Thus, I will continue to post one photo a day, but it now may or may not be of Antarctica. 


31.12.11

Antarctica 2011, Day 19

Today we ran a marathon.
A metaphorical thing to do on the last day of the year, 
beside a placid Potomac.

It was a trek along the fringe of 2011, which helped us to squeeze the final energies from an eventful year.
Now we can fall freely, and exhausted, into the open arms of something new.


I thought this a fitting picture post for New Year's Eve,
as many wonders may lay behind such a rusted door, 
and many behind such an arbitrary restart in time as tonight. 

2011 to 2012
twozerooneonetotwozeroonetwo.
Have you noticed the resemblances of dates lately?
10012011, 10022011, 10102011, 10112011, 10122011, 10202011, 10212011, 10222011, 11012011, 11022011, 11102011, 11112011, 11122011, 11202011, 11212011, 11222011, 12012011, 12022011, 12102011, 12112011, 12122011, 12202011, 12212011, 12222011, 01012012, 01022012....


30.12.11

Antarctica 2011, Day 18

29.12.11

Antarctica 2011, Day 17

This is the glacier noted in yesterday's post.
(please click on it, as the larger version has more detail))
I'm not sure which of my fellow epeditionist that is balancing the ridge, but behind them is a frozen lake and around them are snows and spotted lands.

This was one of those sprite moments in time, when you pause to picture yourself on the paper mache globe at home. You marvel and then ask yourself--almost as if you are not attached to the self standing where you are--"How did I get here?"

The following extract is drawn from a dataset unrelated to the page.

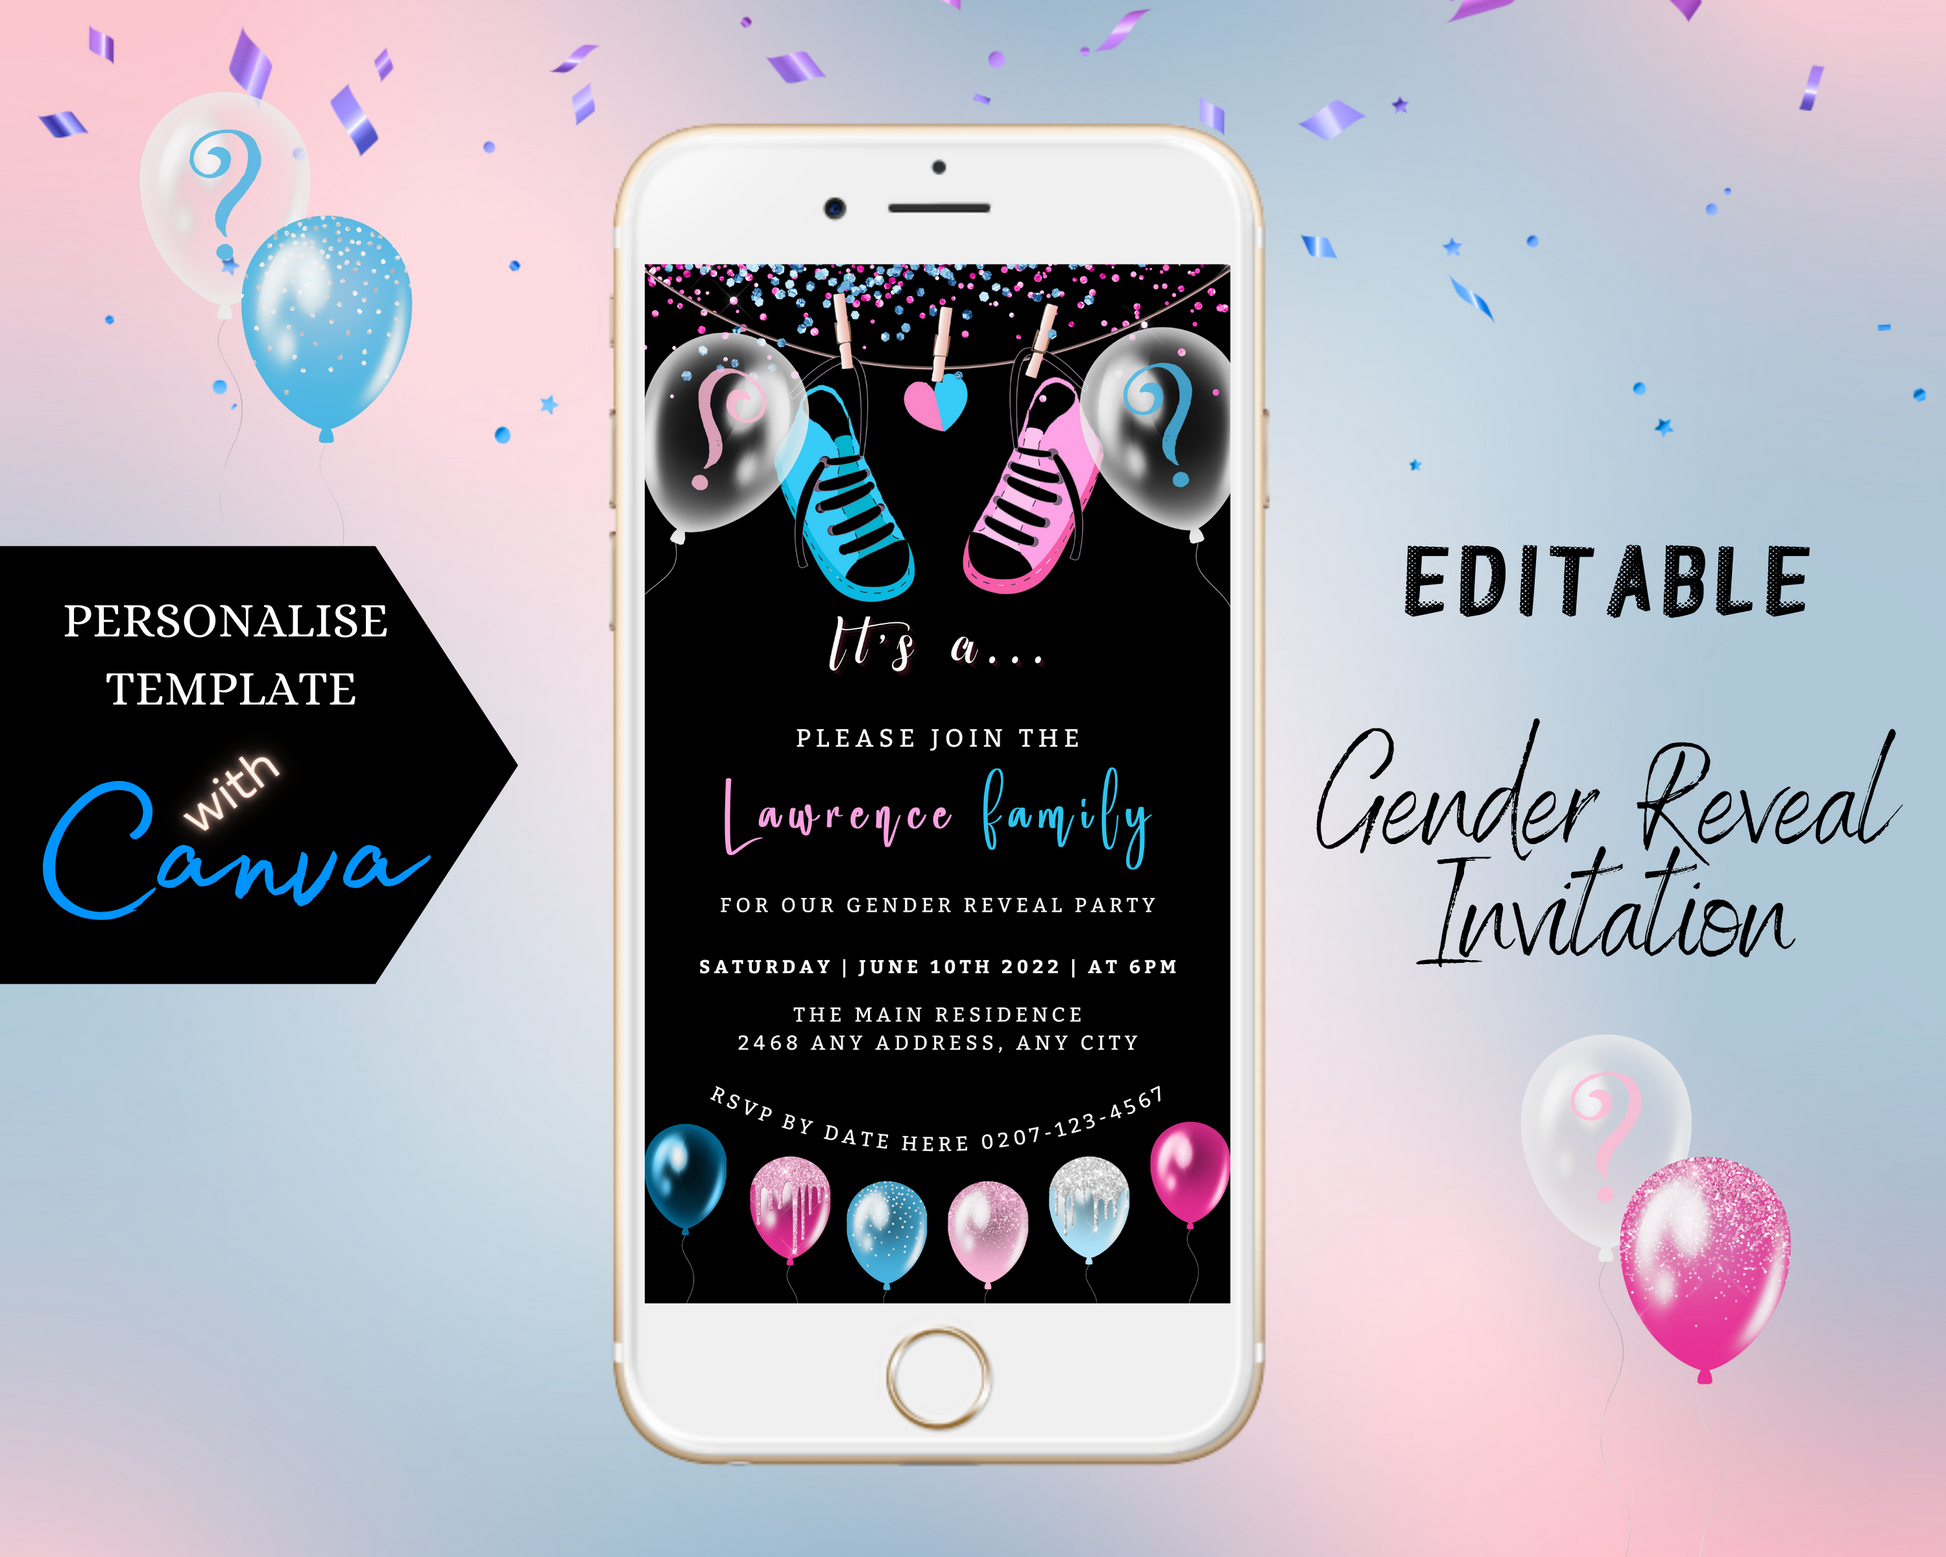 White smartphone displaying customizable digital gender reveal invitation featuring black, blue, and pink baby shoes with balloons and confetti.

Inevitably, these same outstanding moments that one looks back on--now quite sure that they are not attached to the self who once stood there--and ask "Was that really me?"


28.12.11


Antarctica 2011, Day 16

This is technically Ushuaia, Argentina. 
We took a helicopter up to a glacier before leaving the country by boat.
A little insect of a machine was our mode of transportation.
I felt like a dandelion spore on the wind, but I quite enjoyed the feeling. 
I don't know that I'll ever come so close to being a dandelion again. 


27.12.11

Antarctica 2011, Day 15

The last few steps to the summit of this 2011 mountain.
Then, let us hope, up and up in 2012.

26.12.11

Antarctica 2011, Day 14

I missed Christmas.
I loved the friendly face of this fellow.

24.12.11

Antarctica 2011, Day 13

He is asking,
"Are you ready for Christmas?"



(footnote: This is not a peg leg penguin, although that would be sadly endearing, he simply lost his foot in the snow. If you stepped too hard in the snow, you could sink up to your waste.)

23.12.11


Antarctica 2011, Day 12
Seal tracks to match the sky.

22.12.11

Antarctica 2011, Day 11

I waited on a very cold deck for this shot.
I wanted the cloud hat to be perched upon the mountain just so.
I have another picture of mountain wearing a hat (it can be found on the United States page),
but it rarely happens. 
Mountains wear blankets of snow, and accessory climbers quite often, 
but rarely hats. 

21.12.11

Antarctica 2011, Day 10

Please, click on this photo to enlarge it.
You'll see a few of these. 
They were a project in perception.
We were ice-locked one night and the snow was falling  on the water around us.
As I looked at the water, a sooty blue, with snowflakes speckled upon it, I couldn't help but think of constellations.
The photo of this night is forth coming, but here is another example of the
"Ocean That Was Sky"
in Antarctica.

Do be sure to click on it to make it larger.
Try to imagine the ocean as sky on the right. 

20.12.11

Antarctica 2011, Day 9

The seals reminded me very much of caterpillars and slugs. 
This leopard seal's only movement was to curl like this once.
Other than that, he just laid like a monument to the lazy. 
Then again, who am I to judge. He's a water animal. I have legs and arms, where he has blatantly inadequate flaps as his mechanism for maneuvering the rest of his large blob around land. 
Surely under the ice our situations of awkwardness would be reversed. 

19.12.11

Antarctica 2011, Day 8

18.12.11

Antarctica 2011, Day 7

This is an iceberg. I wonder why it shaped itself like this. 
What does it remind you of?
No one ever comments on this blog, but feel free to tell me what you think.
I can make at least ten analogies. 

17.12.11

Antarctica 2011, Day 6

I miss this place.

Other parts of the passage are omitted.